Print the lines in the listing below starting at the line with "Carpatho Rusyn vs" and ending at the line with "World judo champion", both included. Reproduce them exactly and omit every picture.

→ **RECORDS SUPPLIED**
# # # #

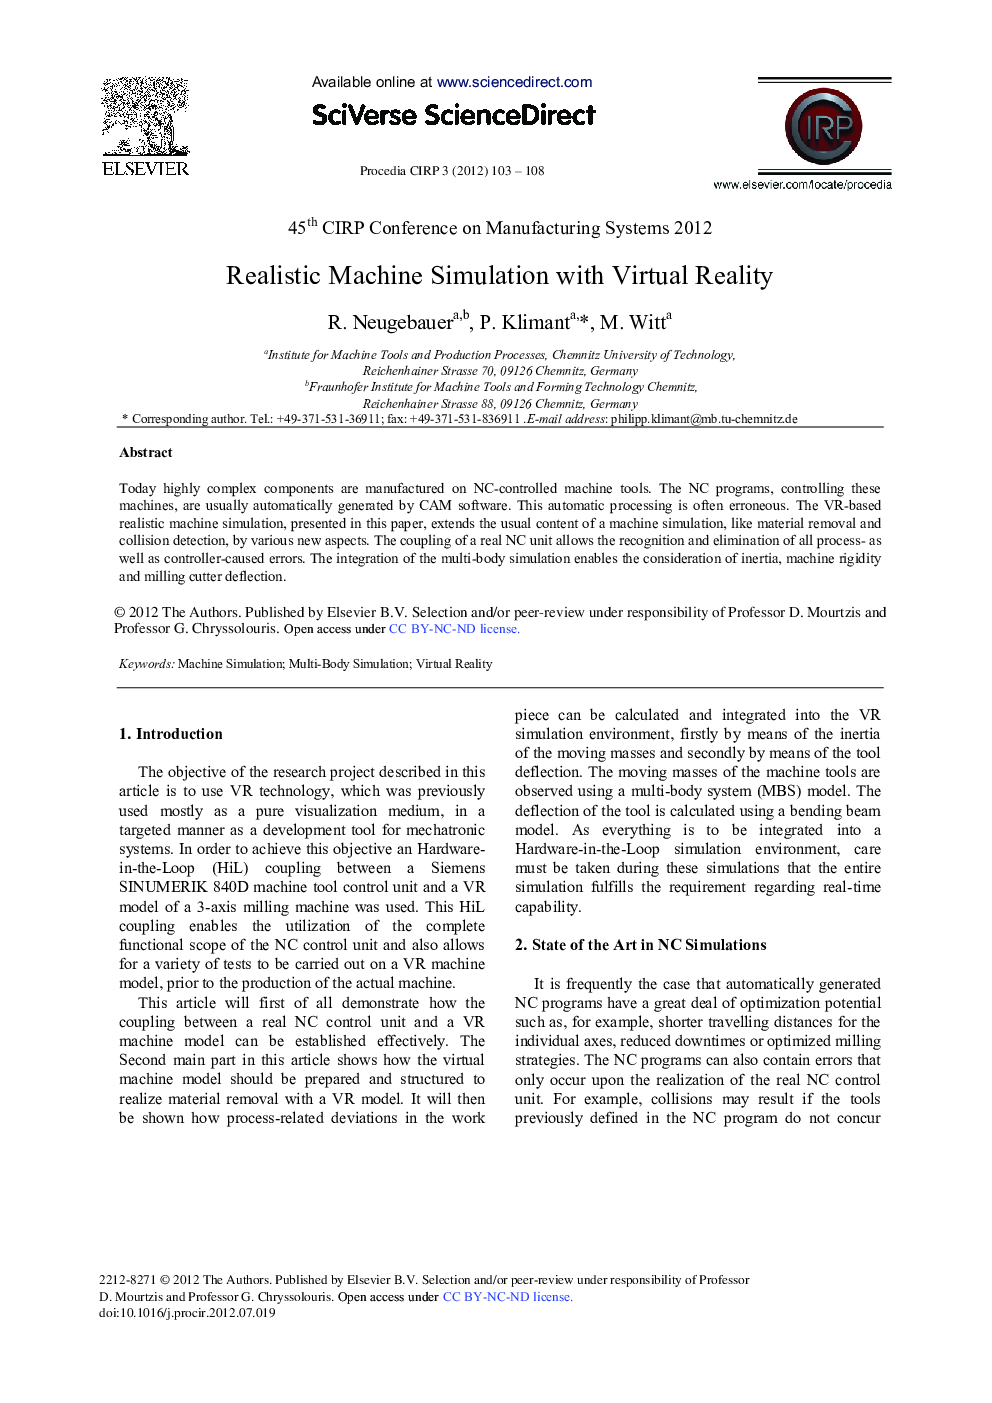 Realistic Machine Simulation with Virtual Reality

# # # #

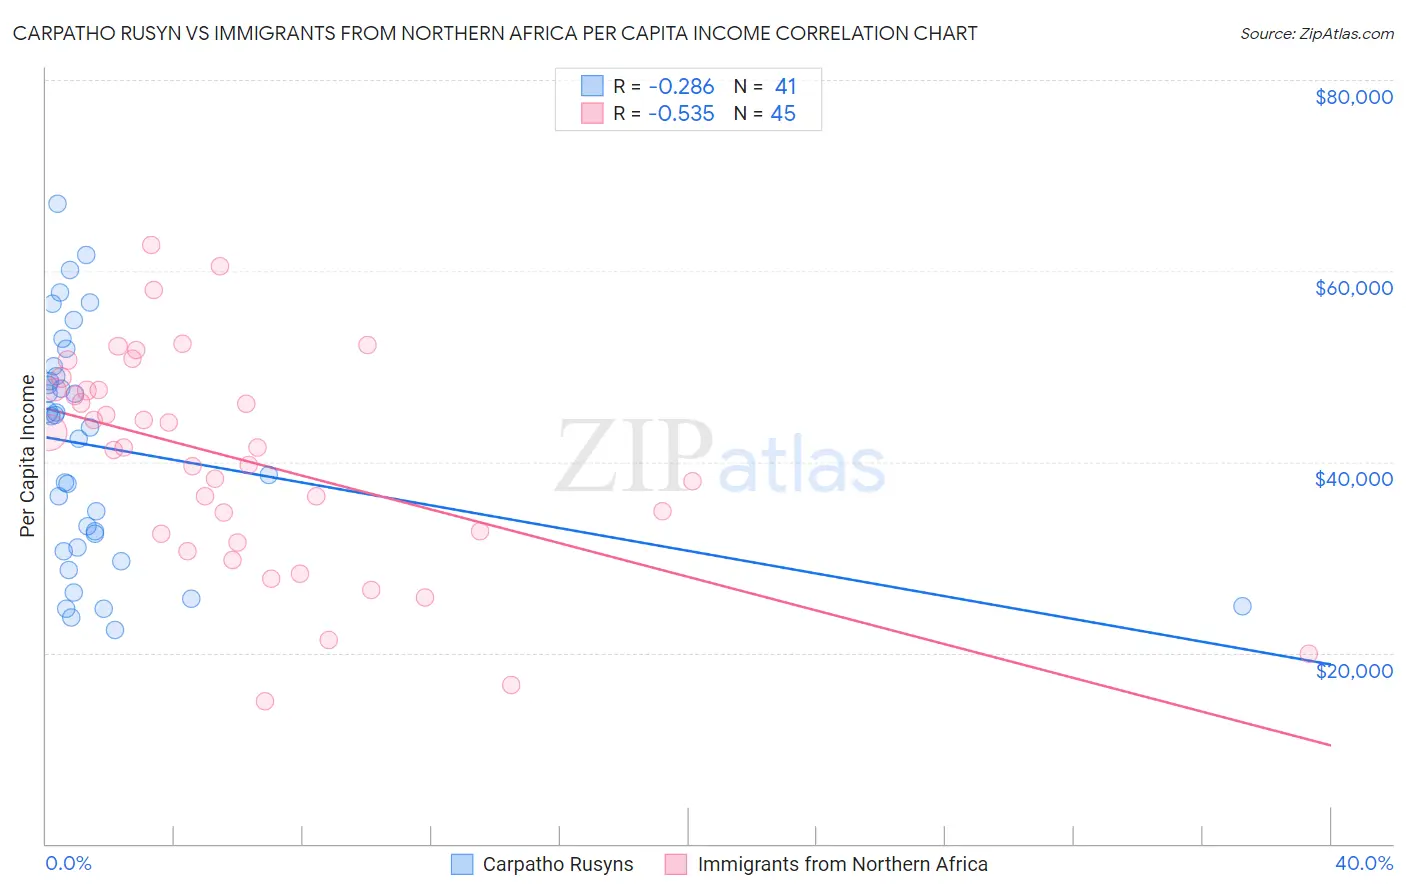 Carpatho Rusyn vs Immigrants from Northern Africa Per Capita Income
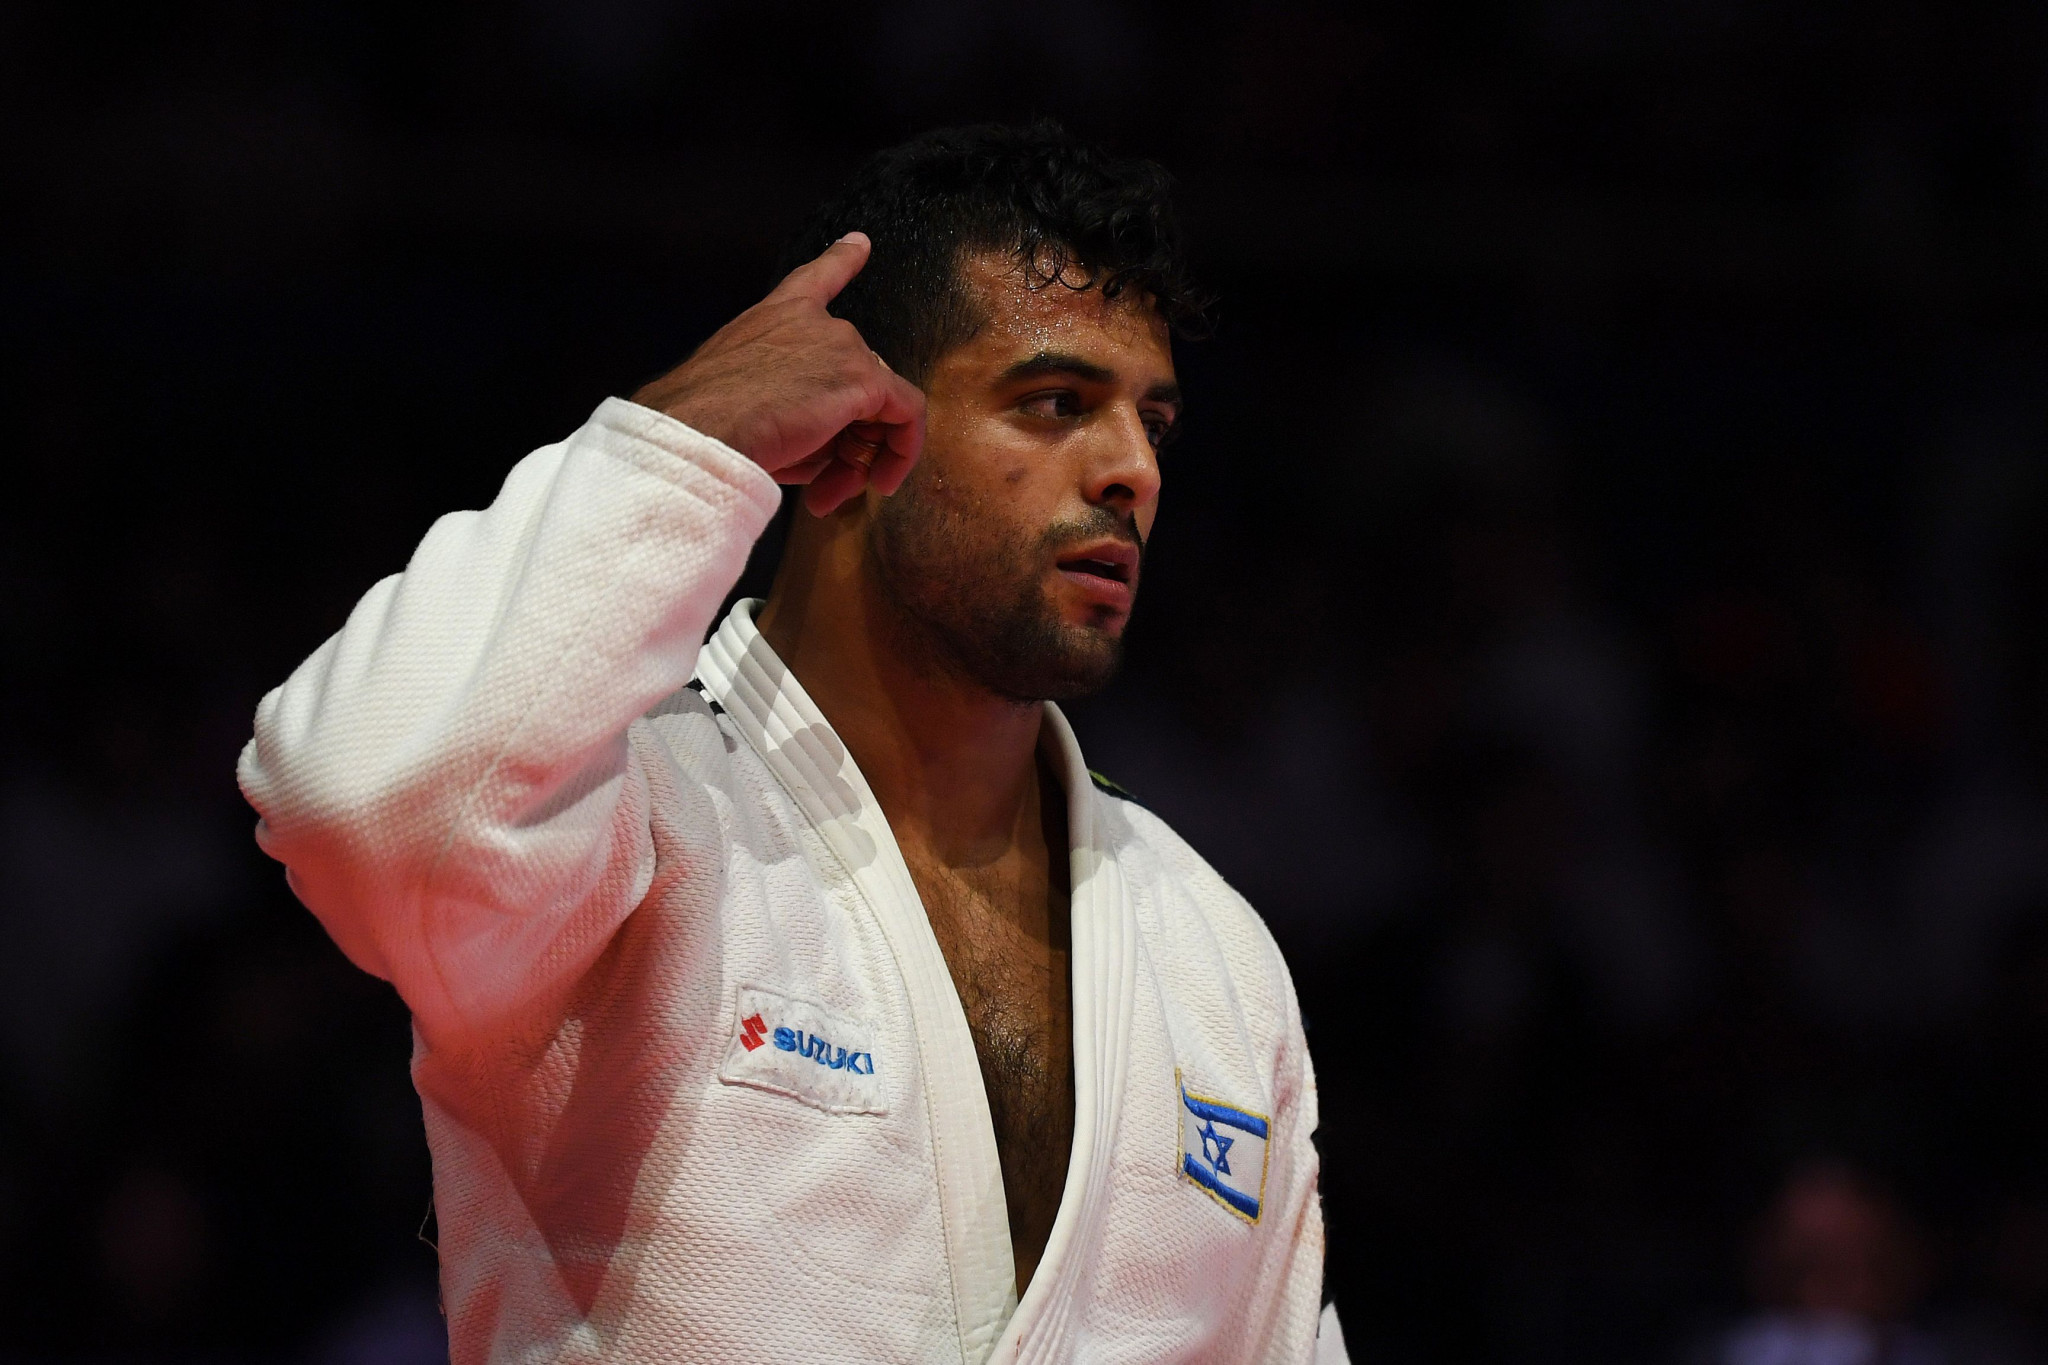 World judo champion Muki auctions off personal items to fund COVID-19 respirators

# # # #

→ **EXERCISE RESPONSE**
 Carpatho Rusyn vs Immigrants from Northern Africa Per Capita Income
 World judo champion Muki auctions off personal items to fund COVID-19 respirators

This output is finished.